Problem: In the listing that follows, the lines starting at the one containing "Peta Kota: Peta Kota Bogor" and ending at the one containing "Tempel von Kukulkan" are to be returned exactly, both boundary lines included, and no others.

Entries shown:
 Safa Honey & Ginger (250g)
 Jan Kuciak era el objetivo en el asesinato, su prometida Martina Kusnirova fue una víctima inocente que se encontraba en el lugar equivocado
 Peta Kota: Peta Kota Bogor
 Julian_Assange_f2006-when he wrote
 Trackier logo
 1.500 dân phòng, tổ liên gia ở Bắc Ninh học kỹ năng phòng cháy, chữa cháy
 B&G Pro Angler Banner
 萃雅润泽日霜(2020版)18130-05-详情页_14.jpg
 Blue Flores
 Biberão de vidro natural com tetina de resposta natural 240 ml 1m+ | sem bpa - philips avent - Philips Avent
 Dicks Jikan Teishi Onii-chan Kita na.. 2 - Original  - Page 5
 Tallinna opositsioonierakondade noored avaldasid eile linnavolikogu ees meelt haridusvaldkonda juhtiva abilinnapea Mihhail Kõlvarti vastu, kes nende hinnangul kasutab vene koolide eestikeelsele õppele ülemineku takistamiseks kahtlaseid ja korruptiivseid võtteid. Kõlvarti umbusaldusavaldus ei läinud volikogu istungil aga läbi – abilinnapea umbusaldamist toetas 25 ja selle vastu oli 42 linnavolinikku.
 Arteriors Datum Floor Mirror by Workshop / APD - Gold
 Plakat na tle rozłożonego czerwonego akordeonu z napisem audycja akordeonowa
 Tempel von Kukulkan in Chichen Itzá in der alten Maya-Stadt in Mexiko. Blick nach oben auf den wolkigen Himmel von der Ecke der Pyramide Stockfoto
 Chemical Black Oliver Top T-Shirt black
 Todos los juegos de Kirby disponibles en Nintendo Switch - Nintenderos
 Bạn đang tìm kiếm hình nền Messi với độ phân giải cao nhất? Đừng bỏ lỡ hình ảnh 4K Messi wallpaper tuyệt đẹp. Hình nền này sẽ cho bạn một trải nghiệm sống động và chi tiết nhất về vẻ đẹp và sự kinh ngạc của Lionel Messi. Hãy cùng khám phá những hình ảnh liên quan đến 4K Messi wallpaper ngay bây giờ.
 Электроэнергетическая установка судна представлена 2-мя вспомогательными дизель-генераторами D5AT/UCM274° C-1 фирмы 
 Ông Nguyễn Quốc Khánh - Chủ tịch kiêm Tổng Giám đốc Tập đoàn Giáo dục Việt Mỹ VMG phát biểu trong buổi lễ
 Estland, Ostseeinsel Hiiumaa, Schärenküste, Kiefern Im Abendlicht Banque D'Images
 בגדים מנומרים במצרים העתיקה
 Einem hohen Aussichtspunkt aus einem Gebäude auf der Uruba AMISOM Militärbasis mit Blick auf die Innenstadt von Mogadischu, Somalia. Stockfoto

The completed task:
 Peta Kota: Peta Kota Bogor
 Julian_Assange_f2006-when he wrote
 Trackier logo
 1.500 dân phòng, tổ liên gia ở Bắc Ninh học kỹ năng phòng cháy, chữa cháy
 B&G Pro Angler Banner
 萃雅润泽日霜(2020版)18130-05-详情页_14.jpg
 Blue Flores
 Biberão de vidro natural com tetina de resposta natural 240 ml 1m+ | sem bpa - philips avent - Philips Avent
 Dicks Jikan Teishi Onii-chan Kita na.. 2 - Original  - Page 5
 Tallinna opositsioonierakondade noored avaldasid eile linnavolikogu ees meelt haridusvaldkonda juhtiva abilinnapea Mihhail Kõlvarti vastu, kes nende hinnangul kasutab vene koolide eestikeelsele õppele ülemineku takistamiseks kahtlaseid ja korruptiivseid võtteid. Kõlvarti umbusaldusavaldus ei läinud volikogu istungil aga läbi – abilinnapea umbusaldamist toetas 25 ja selle vastu oli 42 linnavolinikku.
 Arteriors Datum Floor Mirror by Workshop / APD - Gold
 Plakat na tle rozłożonego czerwonego akordeonu z napisem audycja akordeonowa
 Tempel von Kukulkan in Chichen Itzá in der alten Maya-Stadt in Mexiko. Blick nach oben auf den wolkigen Himmel von der Ecke der Pyramide Stockfoto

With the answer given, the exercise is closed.